In this article, you learn to do the following tasks:

  • Create a batch endpoint and a default batch deployment
  • Start a batch scoring job using Azure CLI
  • Monitor batch scoring job execution progress and check scoring results
  • Deploy a new MLflow model with auto generated code and environment to an existing endpoint without impacting the existing flow
  • Test the new deployment and set it as the default deployment
  • Delete the not in-use endpoint and deployment

Prerequisites

  • You must have an Azure subscription to use Azure Machine Learning. If you don't have an Azure subscription, create a free account before you begin. Try the free or paid version of Azure Machine Learning today.

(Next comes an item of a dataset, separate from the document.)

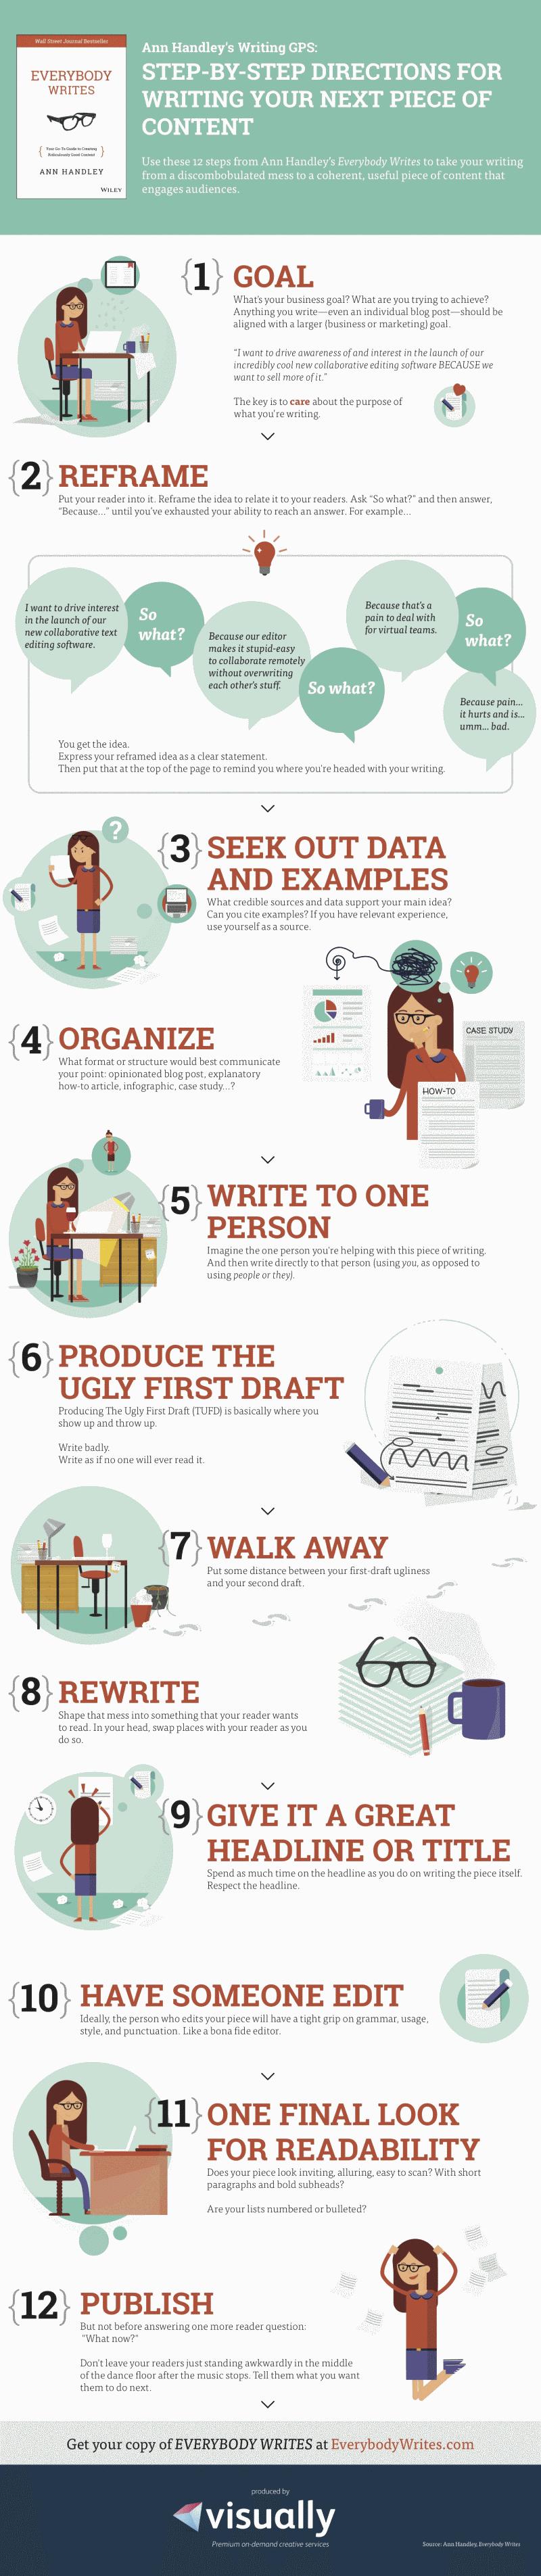 ann handley: everybody write, infographic

  • Install the Azure CLI and the ml extension. Follow the installation steps in Install, set up, and use the CLI (v2).

  • Create an Azure resource group if you don't have one, and you (or the service principal you use) must have Contributor permission. For resource group creation, see Install, set up, and use the CLI (v2).

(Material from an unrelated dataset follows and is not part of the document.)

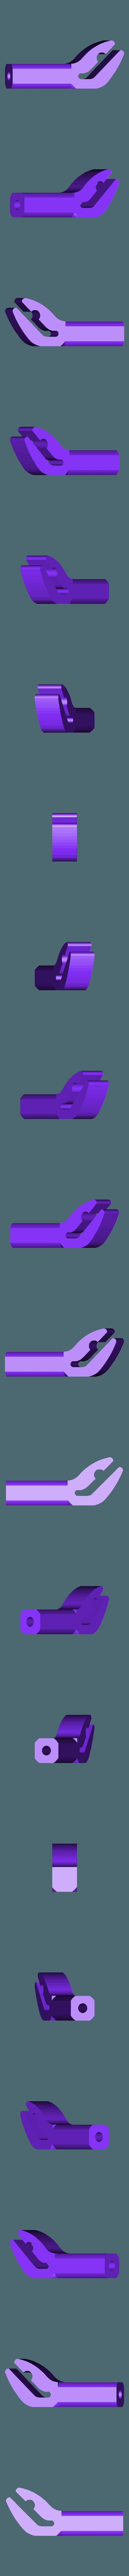 SpatbordClipV2.stl Download free STL file Bicycle Mudguard Clip • 3D print model, Milan_Gajic

  • Create an Azure Machine Learning workspace if you don't have one. For workspace creation, see Install, set up, and use the CLI (v2).

  • Configure your default workspace and resource group for the Azure CLI. Machine Learning CLI commands require the --workspace/-w and --resource-group/-g parameters. Configure the defaults can avoid passing in the values multiple times. You can override these on the command line. Run the following code to set up your defaults. For more information, see Install, set up, and use the CLI (v2).

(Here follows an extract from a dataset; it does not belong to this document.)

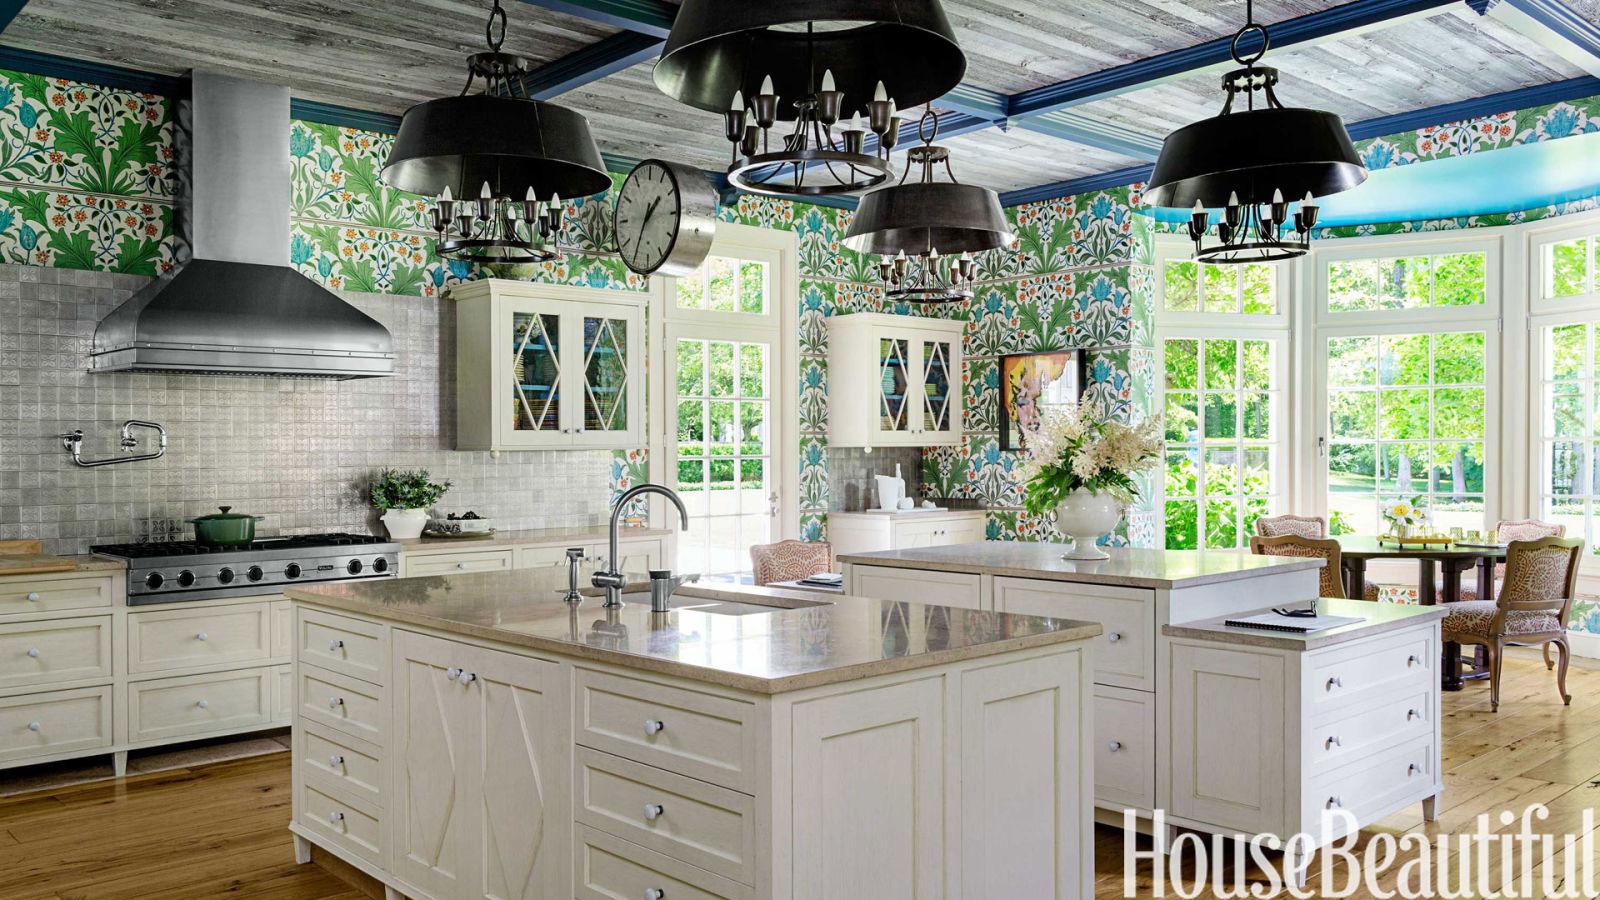 Designer Kitchen Wallpaper William Morris Wallpaper Kitchen Stephen Sills Kitchen Design

az account set -s "<subscription ID>"
az configure --defaults group="<resource group>" workspace="<workspace name>" location="<location>"

Clone the example repository

Run the following commands to clone the AzureML Example repository and go to the cli directory. This article uses the assets in /cli/endpoints/batch, and the end to end working example is /cli/batch-score.sh.

git clone https://github.com/Azure/azureml-examples 
cd azureml-examples/cli

Set your endpoint name. Replace YOUR_ENDPOINT_NAME with a unique name within an Azure region.

For Unix, run this command:

export ENDPOINT_NAME="<YOUR_ENDPOINT_NAME>"

For Windows, run this command:

set ENDPOINT_NAME="<YOUR_ENDPOINT_NAME>"

Note

Batch endpoint names need to be unique within an Azure region. For example, there can be only one batch endpoint with the name mybatchendpoint in westus2.

Create compute

Batch endpoint runs only on cloud computing resources, not locally. The cloud computing resource is a reusable virtual computer cluster. Run the following code to create an Azure Machine Learning compute cluster. The following examples in this article use the compute created here named batch-cluster. Adjust as needed and reference your compute using azureml:<your-compute-name>.

az ml compute create -n batch-cluster --type amlcompute --min-instances 0 --max-instances 5

Note

You are not charged for compute at this point as the cluster will remain at 0 nodes until a batch endpoint is invoked and a batch scoring job is submitted. Learn more about manage and optimize cost for AmlCompute.

Understand batch endpoints and batch deployments

A batch endpoint is an HTTPS endpoint that clients can call to trigger a batch scoring job. A batch scoring job is a job that scores multiple inputs (for more, see What are batch endpoints?). A batch deployment is a set of compute resources hosting the model that does the actual batch scoring. One batch endpoint can have multiple batch deployments.

Tip

One of the batch deployments will serve as the default deployment for the endpoint. The default deployment will be used to do the actual batch scoring when the endpoint is invoked. Learn more about batch endpoints and batch deployment.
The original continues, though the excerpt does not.